According to the above code and UTF-8 coding specification, we can easily understand the width calculation method.

calculateUTF16asUTF8

This method uses utf16 data to calculate the storage length after conversion to Unicode code and to UTF-8 code.

/**
 *According to utf-16 encoded bytes, calculate the length converted to unicode and the storage length required after conversion to UTF-8 encoding
 *@ param SRC data source, type is function, call returns 1 byte data at a time, return null if it reaches the end of string
 */
utfx.calculateUTF16asUTF8 = function (src) {
    var n = 0, l = 0;
    utfx.UTF16toUTF8(src, function (cp) {
        ++n; l += (cp < 0x80) ? 1 : (cp < 0x800) ? 2 : (cp < 0x10000) ? 3 : 4;
    });
    return [n, l];
};

This method obtains Unicode data through the method of converting utf-16 code to Unicode code introduced before, and then calculates, and returns the length of Unicode code and UTF-8 code.

Window.textencoder and window.textdecoder

These are two experimental new constructors, by creating an encoder(TextEncodeObject) and decoder(TextDecodeObject) to implement the conversion between string types in JavaScript and UTF-8 encoded data.
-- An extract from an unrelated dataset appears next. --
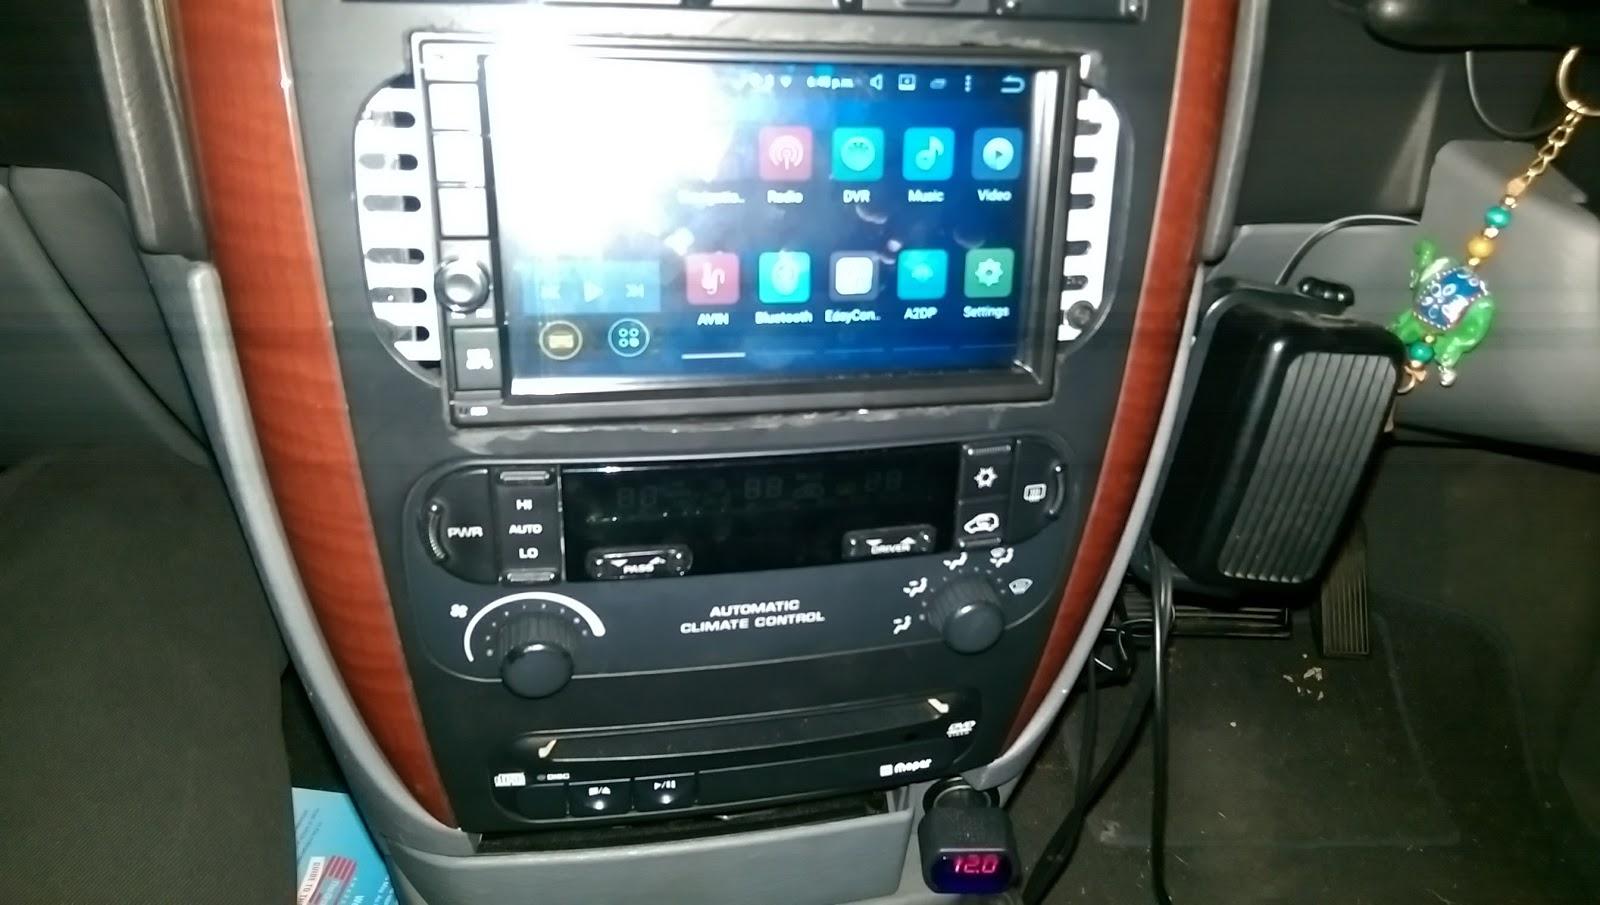 Andy Brown's blog: Hizpo Android car head unit MTCD_XRC sofia3gr

The construction method will return a UTF-8 encoded one as follows:

let encoder = new TextEncoder();
let decoder = new TextDecoder();

Let unit8array = encoder. Encode ('a '); // returns a unit8array type - [97]
Let STR = decoder. Decode (ARR); // returns a string with a value of 'a'

At present, the compatibility of this new technology still has a lot of problems. Only chrome 38, Firefox 19 and opera 25 support it. Other mainstream browsers, such as IE and safari, do not have any support, so they need to be used carefully in the production process.

summary

In this paper, utfx.js, a library that implements UTF-8 and utf-16 in Unicode, is analyzed in part. By looking at the specific code implementation, I believe that you should be able to better understand the specific specifications of these two coding methods, as well as the corresponding usage and scenarios.